Basically you are in one of three situations:
1. You're redesigning a site that already has lots of traffic and you need to be able to handle that traffic from day one. In that case, identify your peak load, try out a CMS with representative dummy data (many CMS have features or add-ons to do this for you for just this purpose) and then stress test it with something like Apache Bench or equivalent and see if you can handle the load and what sort of optimizations you'll need.
2. You're building a new site and you're worried about scale even though you don't actually even have traffic. In that case, I strongly recommend you look around the web for what Joel Spolsky and Guy Kawasaki have to say about building for scale before you need to (in brief: don't).
3: You're redesigning a site that's existed for years and gets 30,000 page views per month, spread out pretty evenly and traffic has been steady for two years. In that case, you don't really care one way or the other, because the average shared hosting account will serve this up without issue whether it's static HTML pages or a relatively slow CMS.
Personally, assuming you're not talking about a site with tons of real-time traffic like Twitter or Google Wave, I think you can get most of the advantages of the flexibility a DB provides with most of the speed advantages static files provide using a DB-driven site that caches static versions of pages or page components.
As for the original question, think of if this way in order of increasing complexity
1. Each page is being designed separately and there's no dynamic component at all. In this case, there's not much need for a CMS at all
2. You want basic templating, but you're not really managing content via your site. In this case, you're just looking at some server-side includes in the language of your choice (or just using the Apache module for SSI). Clearly, flat files will win - no need to even create a DB connection.
3. You want something dynamic, but few complex relationships. So you want to grab an article and grab all comments related to that article, but without grabbing profile information for each author. In the fastest possible implentations, I think flat files would win. WebmasterWorld works a bit like this - each thread is just a file. I don't know the implementation details, about how it grabs your post counts and such, but AFAIK it does not, for example, create a DB record for each post in a thread, it just appends the post to the thread file.

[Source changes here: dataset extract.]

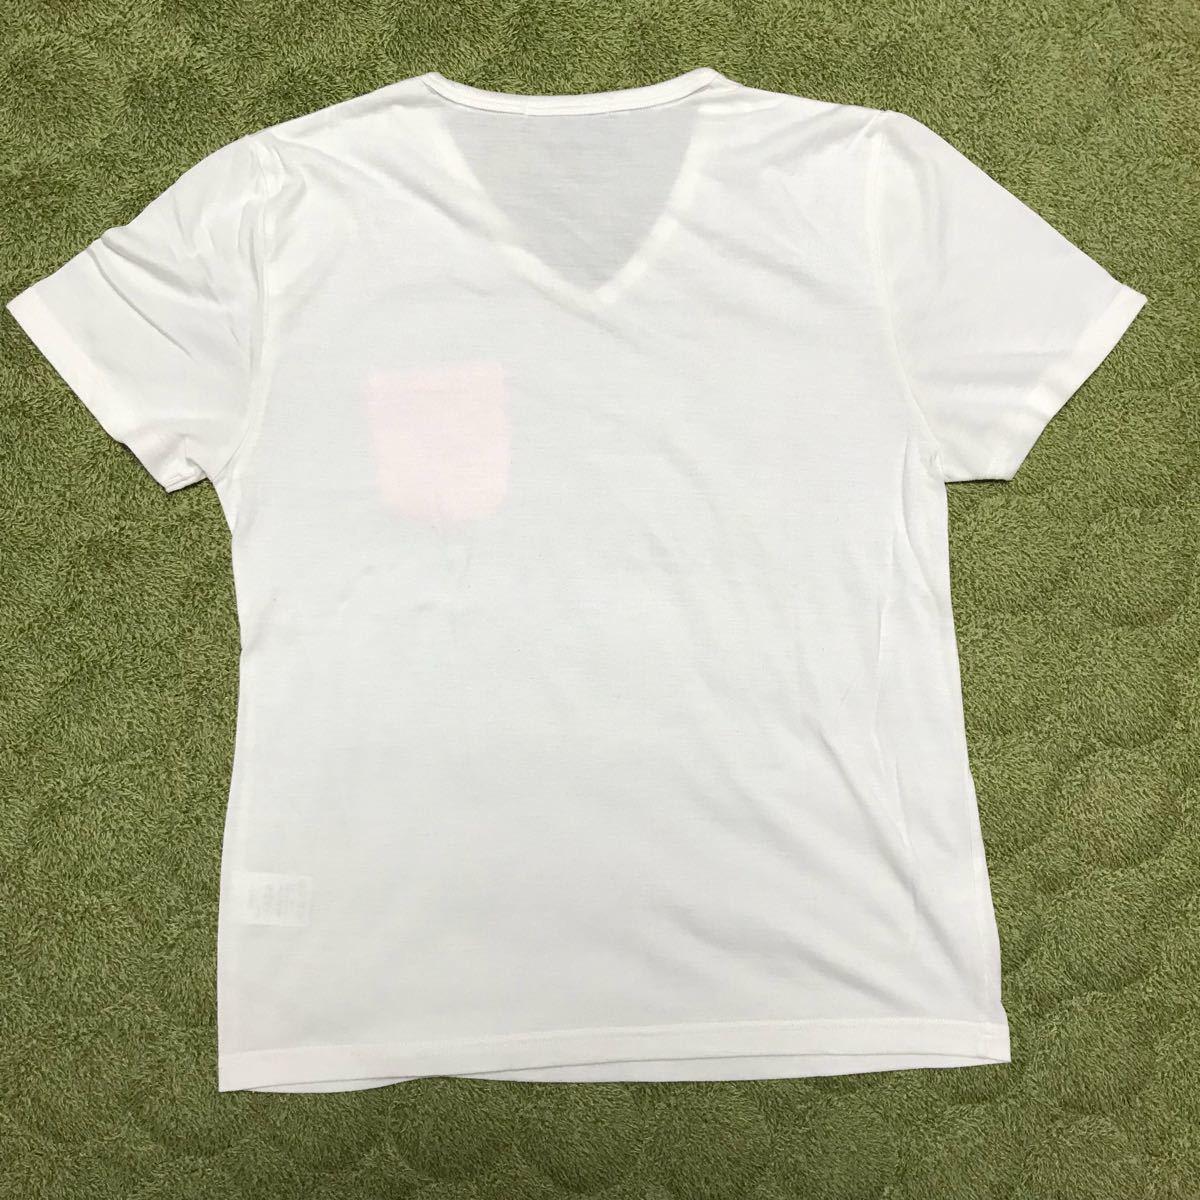 白 半袖 Tシャツ Vネック メンズ M レディースとしても

4. You want more complex relationships. For example, let's say you want to show users who comment on a thread, all other commenters who have also commented on other threads that I have commented on. You could do this with tons of text processing, but it makes the head spin. It would likely be a fairly costly query to the DB too, but much faster to extract the data and it would be vastly simpler to design and maintain.
Also, a well-designed database (i.e. normlized) can handle queries that you've never thought of at design time without any change to the DB. The same is true for a flat file system of course, but if you're asking for something that isn't built in and foreseen, it might take hours to crunch through all the data.
| 7:11 am on Feb 22, 2010 (gmt 0)|
Hello ergophobe, thanks once again for your extend reply :-) your replies are very useful thanks once again.
Have a nice day kgibbo
| 7:30 pm on Feb 22, 2010 (gmt 0)|
You're welcome. In looking over it again, I think the very last point may be the most important one. If you've got the data and it's normalized, you can process it in ways you may not even think of until three years down the road.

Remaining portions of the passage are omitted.